Why did that matter? In short, because ‘resident of a contracting state’ was defined, as it is in most (all?) UK tax treaties, and the OECD model form, in article 4, as a ‘person’ resident in a contracting state and ‘person’ was itself defined in article 3(1)(d) as ‘compris[ing] an individual, a company and any other body of persons, but does not include partnerships which are not treated as bodies corporate for tax purposes in either contracting state’. 

So, if you are not a ‘person’ for treaty purposes, you can’t be a resident of a contracting state for treaty purposes either. Even if you are, in fact, a resident of a contracting state!

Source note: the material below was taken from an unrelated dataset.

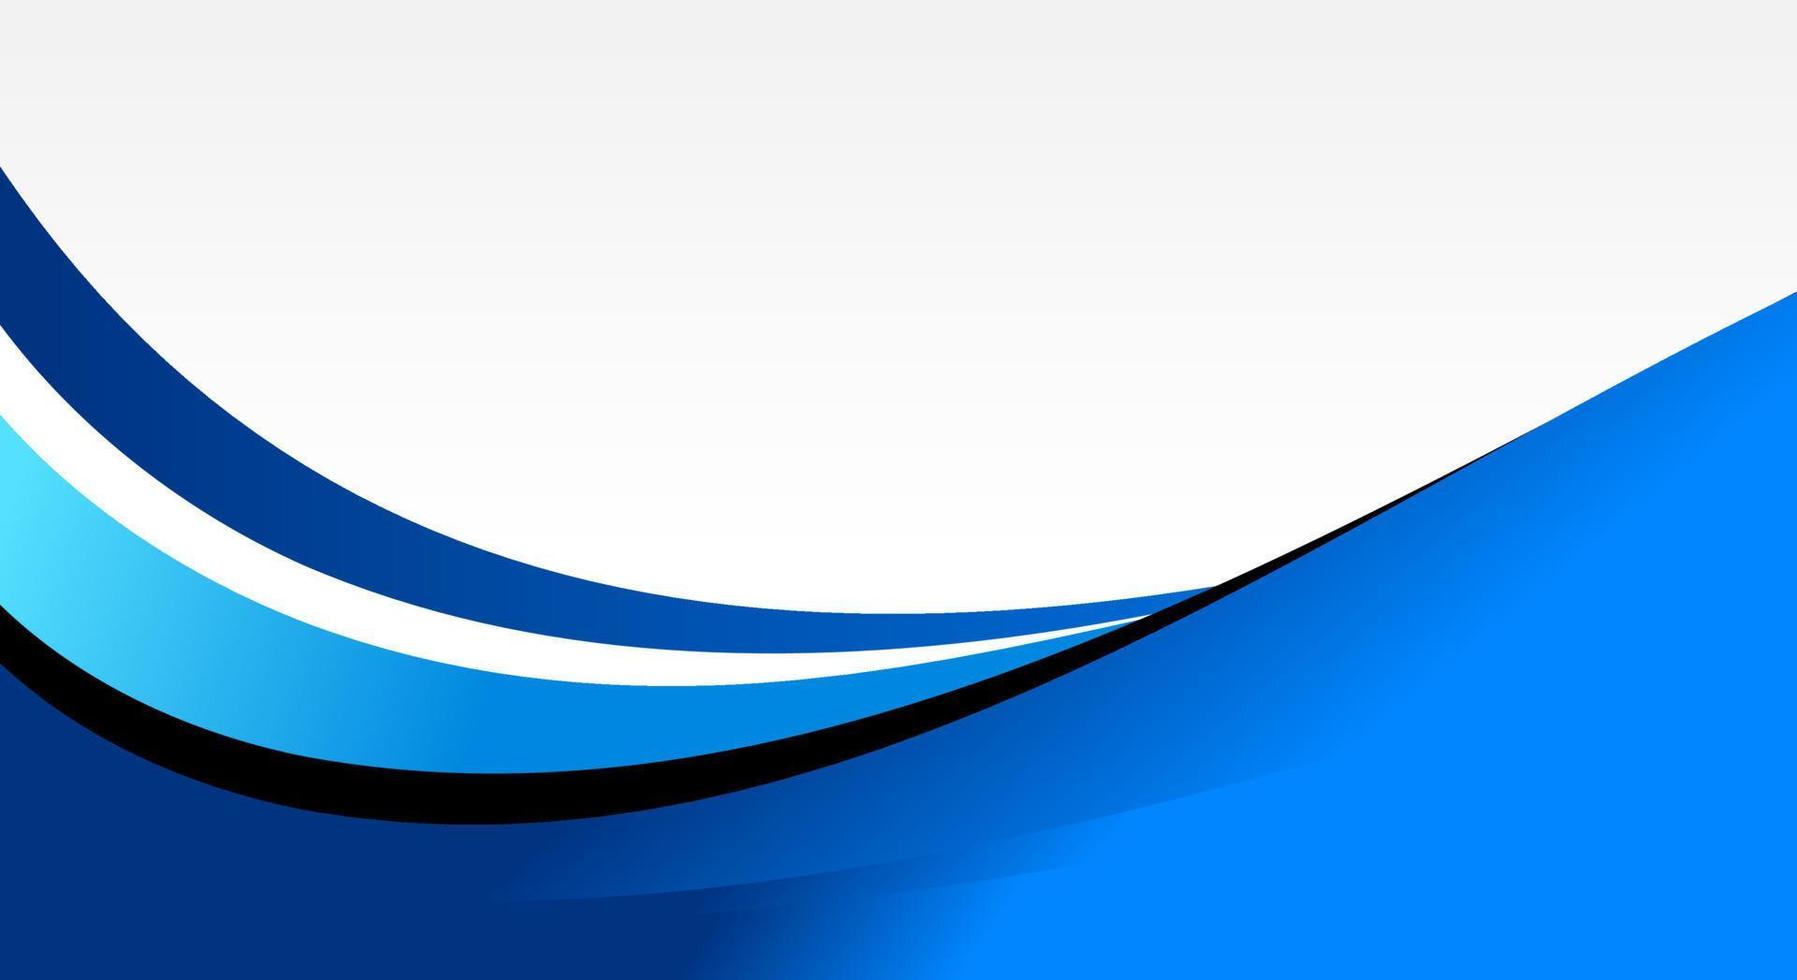 Abstract wave blue background vector

That in turn reminded me of the UK Court of Appeal’s decision in IRC v Padmore [1989] STC 493 that the UK could not tax the UK resident individual partners in a Jersey partnership of patent and trademark specialists because the partnership was a ‘person’ for the purposes of the UK/Jersey tax treaty by virtue of being a ‘body of persons’ (as a matter of general English usage and despite, rather confusingly, not being a ‘body of persons’ as that term was defined for either UK or Jersey tax purposes!). And a decision now overridden by ITTOIA 2005 s 858, which restored the UK’s taxing right despite the provisions of any double tax treaty. 

And there’s the rub. Different treaties have different definitions of ‘person’ and so – and I’m struggling for a good word to use here  – ‘something’ which might be a ‘person’ for the purposes of one of the UK’s treaties, and consequently capable of being a resident of a contracting state and entitled to treaty benefits, might not be a ‘person’, and might not be entitled to treaty benefits, under another one of the UK’s treaties. 

Compare the definition of ‘person’ in the UK/Italy treaty above with that in the UK/US treaty, in which ‘person’ includes an individual, an estate, a trust, a partnership, a company, and any other body of persons. 

So it’s a timely reminder that whilst when we are in a rush, the temptation is to skip straight to the dividend, interest or other appropriate article of the relevant treaty, and if it provides for beneficial treatment for a resident of the relevant territory, and the recipient of the relevant income is, as a domestic matter, a resident of the relevant territory, to tick the box and move on (unless, of course, it is a US treaty where we are all now schooled in the need to wade through the limitations on benefits article too!). But we should at least pause and ask whether our resident really is a resident for the purposes of the treaty, albeit that in many cases (looking at a non-pass through company for example), it should be fairly obvious.

Of course, if you are really unlucky, you find that you are entitled to benefits on the face of the relevant treaty but they haven’t actually been given effect under domestic law as once happened to UBS (see UBS AG v HMRC [2007] STC 588). Fortunately, that is a very rare occurrence indeed.